Task goal:
What do the lines from the top of the data through the line with "Hyundai steunt duurzame" say? Quote them exactly and include both ends.

---------- Data supplied

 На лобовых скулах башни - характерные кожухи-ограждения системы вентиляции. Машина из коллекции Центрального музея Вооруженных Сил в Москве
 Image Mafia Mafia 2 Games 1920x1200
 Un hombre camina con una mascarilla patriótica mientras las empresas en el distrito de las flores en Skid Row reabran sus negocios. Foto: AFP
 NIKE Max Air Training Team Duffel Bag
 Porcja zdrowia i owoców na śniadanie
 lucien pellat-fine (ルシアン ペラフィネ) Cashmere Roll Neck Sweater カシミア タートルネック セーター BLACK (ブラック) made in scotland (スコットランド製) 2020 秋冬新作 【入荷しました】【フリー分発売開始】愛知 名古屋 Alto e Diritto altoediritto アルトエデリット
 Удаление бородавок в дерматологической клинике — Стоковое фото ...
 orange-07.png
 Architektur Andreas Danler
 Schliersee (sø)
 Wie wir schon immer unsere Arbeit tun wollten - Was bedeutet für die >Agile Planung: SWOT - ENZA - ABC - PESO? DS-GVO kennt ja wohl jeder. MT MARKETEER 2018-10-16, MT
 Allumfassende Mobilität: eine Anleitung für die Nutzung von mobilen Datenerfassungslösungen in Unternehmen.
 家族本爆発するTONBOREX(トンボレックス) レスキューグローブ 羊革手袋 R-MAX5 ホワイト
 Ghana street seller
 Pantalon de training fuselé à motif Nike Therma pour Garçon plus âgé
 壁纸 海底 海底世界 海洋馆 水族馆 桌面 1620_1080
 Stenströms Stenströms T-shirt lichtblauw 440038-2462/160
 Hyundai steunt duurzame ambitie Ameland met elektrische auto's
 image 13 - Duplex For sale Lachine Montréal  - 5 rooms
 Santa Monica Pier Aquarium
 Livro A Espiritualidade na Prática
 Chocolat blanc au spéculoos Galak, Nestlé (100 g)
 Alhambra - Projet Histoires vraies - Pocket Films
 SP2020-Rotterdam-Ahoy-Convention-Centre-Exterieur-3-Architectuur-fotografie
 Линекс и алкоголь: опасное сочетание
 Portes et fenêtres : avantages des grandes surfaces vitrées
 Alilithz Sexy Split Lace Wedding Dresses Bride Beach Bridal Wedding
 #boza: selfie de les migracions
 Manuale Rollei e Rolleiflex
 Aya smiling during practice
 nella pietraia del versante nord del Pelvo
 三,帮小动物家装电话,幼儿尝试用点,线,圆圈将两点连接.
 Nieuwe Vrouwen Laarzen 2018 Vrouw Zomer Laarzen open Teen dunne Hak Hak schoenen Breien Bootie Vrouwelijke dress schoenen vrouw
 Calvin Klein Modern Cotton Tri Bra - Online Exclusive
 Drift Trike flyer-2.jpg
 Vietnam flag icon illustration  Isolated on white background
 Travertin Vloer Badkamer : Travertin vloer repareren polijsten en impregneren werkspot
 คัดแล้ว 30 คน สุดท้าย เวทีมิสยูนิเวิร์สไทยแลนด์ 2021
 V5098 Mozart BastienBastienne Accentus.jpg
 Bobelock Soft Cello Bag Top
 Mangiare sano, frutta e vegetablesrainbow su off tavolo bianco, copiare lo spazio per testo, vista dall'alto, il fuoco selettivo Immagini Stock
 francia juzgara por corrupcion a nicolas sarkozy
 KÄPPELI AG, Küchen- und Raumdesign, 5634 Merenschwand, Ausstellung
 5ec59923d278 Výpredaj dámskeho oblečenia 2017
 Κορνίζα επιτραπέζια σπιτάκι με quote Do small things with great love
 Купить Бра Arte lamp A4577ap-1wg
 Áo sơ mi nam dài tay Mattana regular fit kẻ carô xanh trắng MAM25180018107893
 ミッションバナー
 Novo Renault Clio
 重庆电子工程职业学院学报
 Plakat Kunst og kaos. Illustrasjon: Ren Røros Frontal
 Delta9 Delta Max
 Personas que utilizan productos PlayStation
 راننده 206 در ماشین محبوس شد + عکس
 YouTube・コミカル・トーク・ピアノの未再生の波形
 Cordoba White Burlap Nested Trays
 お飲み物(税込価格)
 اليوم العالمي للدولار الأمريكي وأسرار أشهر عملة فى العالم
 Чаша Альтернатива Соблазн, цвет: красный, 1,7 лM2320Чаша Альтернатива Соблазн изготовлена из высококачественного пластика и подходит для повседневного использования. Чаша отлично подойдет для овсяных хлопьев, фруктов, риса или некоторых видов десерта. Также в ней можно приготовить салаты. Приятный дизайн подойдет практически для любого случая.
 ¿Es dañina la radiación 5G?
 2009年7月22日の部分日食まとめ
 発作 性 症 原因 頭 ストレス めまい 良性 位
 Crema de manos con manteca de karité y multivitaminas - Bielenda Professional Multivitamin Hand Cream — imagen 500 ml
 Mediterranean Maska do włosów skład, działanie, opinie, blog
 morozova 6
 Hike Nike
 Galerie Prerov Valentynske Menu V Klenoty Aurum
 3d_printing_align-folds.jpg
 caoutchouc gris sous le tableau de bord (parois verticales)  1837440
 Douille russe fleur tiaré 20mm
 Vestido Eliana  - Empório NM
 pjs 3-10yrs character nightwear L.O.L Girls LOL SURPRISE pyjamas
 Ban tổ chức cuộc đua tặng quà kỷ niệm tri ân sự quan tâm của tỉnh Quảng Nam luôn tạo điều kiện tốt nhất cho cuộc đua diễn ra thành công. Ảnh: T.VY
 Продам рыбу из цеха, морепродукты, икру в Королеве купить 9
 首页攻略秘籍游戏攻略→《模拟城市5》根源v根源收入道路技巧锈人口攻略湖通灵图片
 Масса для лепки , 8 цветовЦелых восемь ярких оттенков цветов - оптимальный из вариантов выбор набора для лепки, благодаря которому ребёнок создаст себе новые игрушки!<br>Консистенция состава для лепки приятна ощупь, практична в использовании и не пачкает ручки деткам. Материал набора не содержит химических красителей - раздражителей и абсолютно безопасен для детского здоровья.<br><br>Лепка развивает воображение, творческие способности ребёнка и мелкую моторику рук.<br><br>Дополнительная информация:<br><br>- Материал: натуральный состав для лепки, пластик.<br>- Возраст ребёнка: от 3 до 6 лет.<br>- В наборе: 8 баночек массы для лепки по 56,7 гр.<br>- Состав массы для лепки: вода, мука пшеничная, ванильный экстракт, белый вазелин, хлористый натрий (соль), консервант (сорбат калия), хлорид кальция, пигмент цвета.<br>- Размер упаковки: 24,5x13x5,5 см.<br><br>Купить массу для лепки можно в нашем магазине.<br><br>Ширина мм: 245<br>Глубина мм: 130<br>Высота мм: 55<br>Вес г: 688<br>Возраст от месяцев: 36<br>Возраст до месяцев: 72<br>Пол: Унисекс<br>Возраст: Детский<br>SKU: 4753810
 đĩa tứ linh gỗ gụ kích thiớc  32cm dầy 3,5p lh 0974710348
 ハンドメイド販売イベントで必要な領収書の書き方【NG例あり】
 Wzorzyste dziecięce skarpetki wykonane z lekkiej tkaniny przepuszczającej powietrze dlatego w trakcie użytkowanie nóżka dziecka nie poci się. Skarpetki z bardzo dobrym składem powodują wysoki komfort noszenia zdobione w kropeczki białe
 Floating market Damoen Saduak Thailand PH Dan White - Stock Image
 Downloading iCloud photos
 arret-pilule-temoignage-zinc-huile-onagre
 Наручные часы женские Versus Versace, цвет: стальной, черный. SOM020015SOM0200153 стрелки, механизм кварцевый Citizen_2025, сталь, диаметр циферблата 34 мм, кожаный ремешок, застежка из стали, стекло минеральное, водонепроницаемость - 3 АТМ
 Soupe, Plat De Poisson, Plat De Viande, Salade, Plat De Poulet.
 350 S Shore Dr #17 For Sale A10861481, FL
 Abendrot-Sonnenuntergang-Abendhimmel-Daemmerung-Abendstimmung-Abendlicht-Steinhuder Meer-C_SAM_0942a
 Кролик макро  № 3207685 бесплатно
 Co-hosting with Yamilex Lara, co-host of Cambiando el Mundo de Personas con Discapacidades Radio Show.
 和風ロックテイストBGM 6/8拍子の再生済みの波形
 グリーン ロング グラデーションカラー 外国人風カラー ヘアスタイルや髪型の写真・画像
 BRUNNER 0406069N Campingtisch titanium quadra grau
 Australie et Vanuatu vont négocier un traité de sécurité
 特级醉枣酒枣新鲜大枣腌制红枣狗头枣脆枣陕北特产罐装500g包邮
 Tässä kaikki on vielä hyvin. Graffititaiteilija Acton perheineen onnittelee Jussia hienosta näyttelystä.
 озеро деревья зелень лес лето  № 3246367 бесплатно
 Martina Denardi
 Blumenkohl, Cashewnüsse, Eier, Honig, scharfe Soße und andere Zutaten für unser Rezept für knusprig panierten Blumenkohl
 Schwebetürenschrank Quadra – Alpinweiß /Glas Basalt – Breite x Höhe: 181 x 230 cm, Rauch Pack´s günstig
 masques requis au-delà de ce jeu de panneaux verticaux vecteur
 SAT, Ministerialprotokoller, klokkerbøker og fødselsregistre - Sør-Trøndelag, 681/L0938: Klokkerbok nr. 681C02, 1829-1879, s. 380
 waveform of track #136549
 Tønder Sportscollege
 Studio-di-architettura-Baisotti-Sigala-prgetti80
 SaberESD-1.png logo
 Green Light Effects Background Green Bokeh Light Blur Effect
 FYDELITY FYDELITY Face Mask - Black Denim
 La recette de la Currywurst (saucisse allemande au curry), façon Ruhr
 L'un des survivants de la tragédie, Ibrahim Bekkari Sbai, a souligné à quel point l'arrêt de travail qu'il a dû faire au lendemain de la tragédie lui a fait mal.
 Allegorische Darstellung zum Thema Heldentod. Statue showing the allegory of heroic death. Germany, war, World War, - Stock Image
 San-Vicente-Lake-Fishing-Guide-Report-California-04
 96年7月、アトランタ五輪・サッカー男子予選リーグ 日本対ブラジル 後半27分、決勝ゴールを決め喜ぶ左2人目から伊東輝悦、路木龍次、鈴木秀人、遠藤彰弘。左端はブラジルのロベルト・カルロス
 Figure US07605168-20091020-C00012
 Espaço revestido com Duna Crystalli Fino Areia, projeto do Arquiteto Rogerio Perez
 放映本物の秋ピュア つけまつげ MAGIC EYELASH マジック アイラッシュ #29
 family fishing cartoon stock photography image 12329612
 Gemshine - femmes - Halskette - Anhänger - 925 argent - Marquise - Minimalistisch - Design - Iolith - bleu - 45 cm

--------------------

Response box:
 На лобовых скулах башни - характерные кожухи-ограждения системы вентиляции. Машина из коллекции Центрального музея Вооруженных Сил в Москве
 Image Mafia Mafia 2 Games 1920x1200
 Un hombre camina con una mascarilla patriótica mientras las empresas en el distrito de las flores en Skid Row reabran sus negocios. Foto: AFP
 NIKE Max Air Training Team Duffel Bag
 Porcja zdrowia i owoców na śniadanie
 lucien pellat-fine (ルシアン ペラフィネ) Cashmere Roll Neck Sweater カシミア タートルネック セーター BLACK (ブラック) made in scotland (スコットランド製) 2020 秋冬新作 【入荷しました】【フリー分発売開始】愛知 名古屋 Alto e Diritto altoediritto アルトエデリット
 Удаление бородавок в дерматологической клинике — Стоковое фото ...
 orange-07.png
 Architektur Andreas Danler
 Schliersee (sø)
 Wie wir schon immer unsere Arbeit tun wollten - Was bedeutet für die >Agile Planung: SWOT - ENZA - ABC - PESO? DS-GVO kennt ja wohl jeder. MT MARKETEER 2018-10-16, MT
 Allumfassende Mobilität: eine Anleitung für die Nutzung von mobilen Datenerfassungslösungen in Unternehmen.
 家族本爆発するTONBOREX(トンボレックス) レスキューグローブ 羊革手袋 R-MAX5 ホワイト
 Ghana street seller
 Pantalon de training fuselé à motif Nike Therma pour Garçon plus âgé
 壁纸 海底 海底世界 海洋馆 水族馆 桌面 1620_1080
 Stenströms Stenströms T-shirt lichtblauw 440038-2462/160
 Hyundai steunt duurzame ambitie Ameland met elektrische auto's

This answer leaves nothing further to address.